Setup environment, dependencies, and data
git clone https://github.com/lapp0/kbert && cd kbert
pip install -r requirements.txt
pip install --pre torch==2.7.0.dev20250110+cu124 --index-url https://download.pytorch.org/whl/nightly/cu124 --upgrade
python data/download_fineweb_edu.py --num_chunks 120 # ~100M tokens / chunk
python data/download_mnli.py
export N_GPU=$(nvidia-smi --query-gpu=name --format=csv,noheader | wc -l)

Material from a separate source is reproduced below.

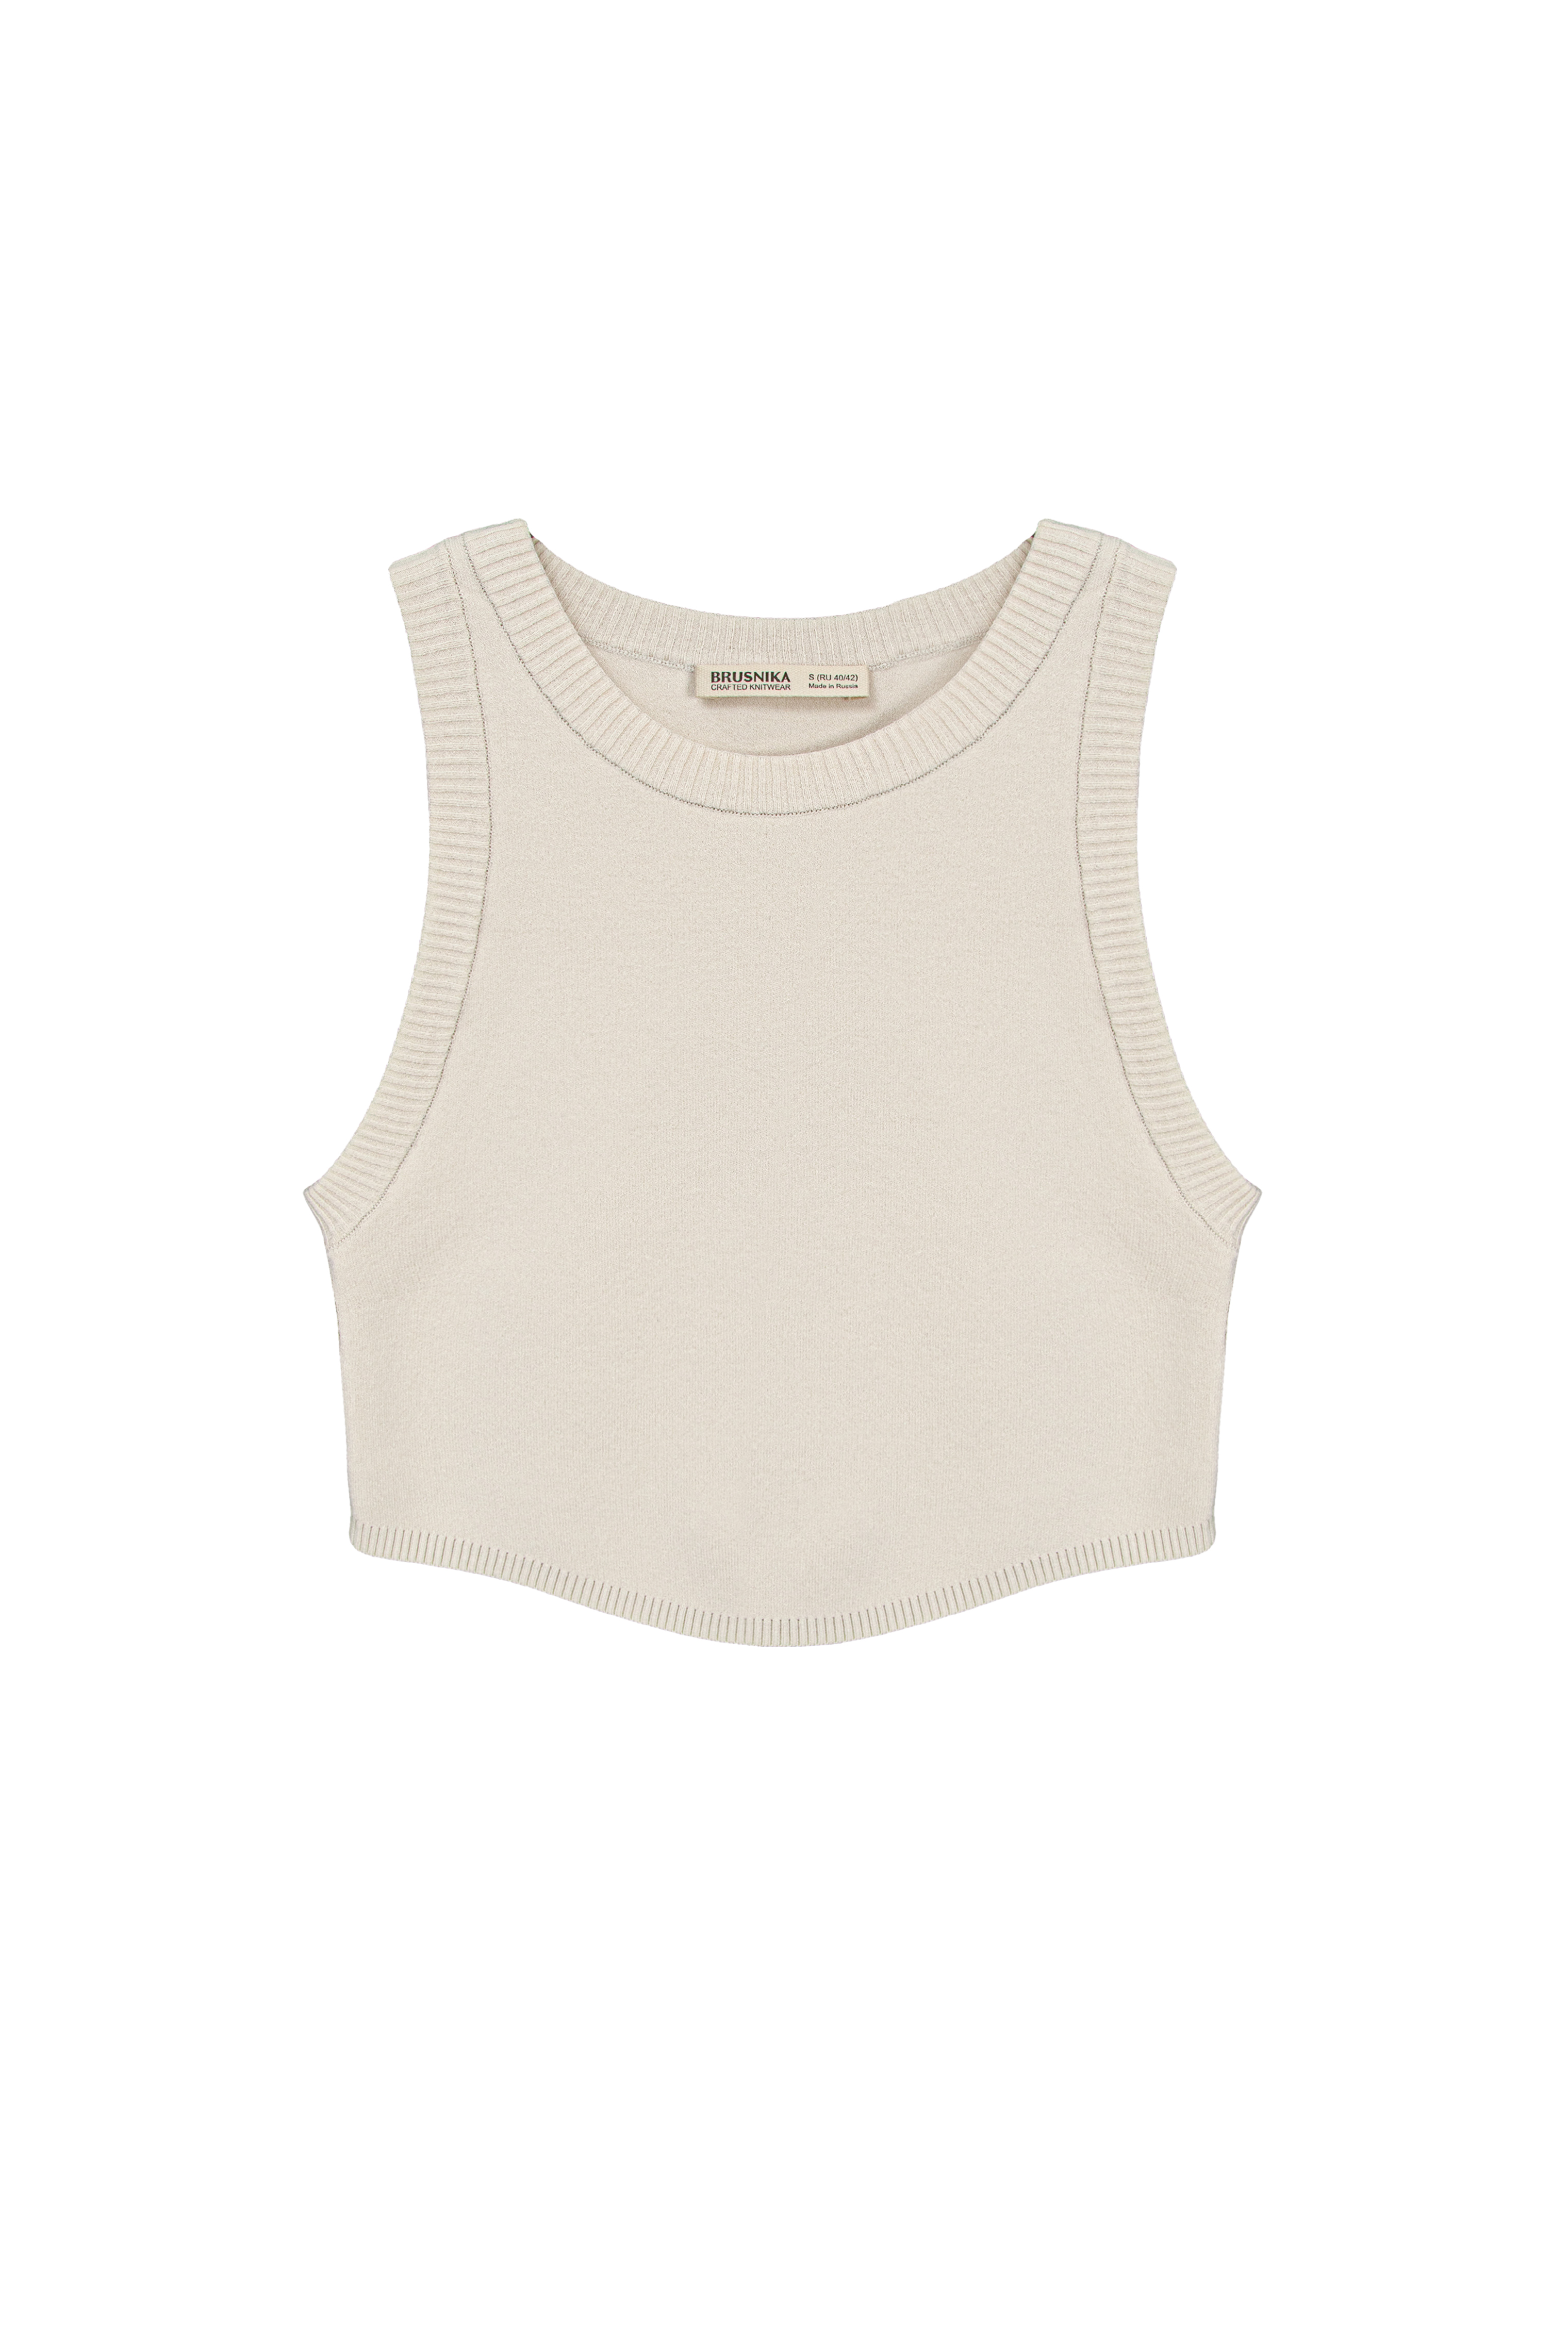 Top 4148-45 Beige from BRUSNiKA

Save HF credentials (only need to run once):
huggingface-cli login
torchrun --standalone --nproc_per_node=$N_GPU pretrain.py \
--train.hf_model_name PRETRAINED_HF_URI
torchrun --standalone --nproc_per_node=$N_GPU finetune.py \
--train.base_model PRETRAINED_HF_URI
--train.hf_model_name FINETUNED_HF_URI
KBERT-base | DeBERTa-v3-base | ModernBERT-base | |
---|---|---|---|
Training Tokens | ? | 400 billion* | 1.7 trillion |
Metrics | |||
MNLI | ? | ? | ? |
SQuAD v2.0 | ? | ? | ? |
Parameters | 150M | 185M | 150M |
Encoder Parameters | 106M | 87M | 111M |
Embedding Parameters | 39M | 98M | 39M |
*Estimate is based on papers stated "160GB of data" @ 10 epochs, (estimated 4 bytes per token)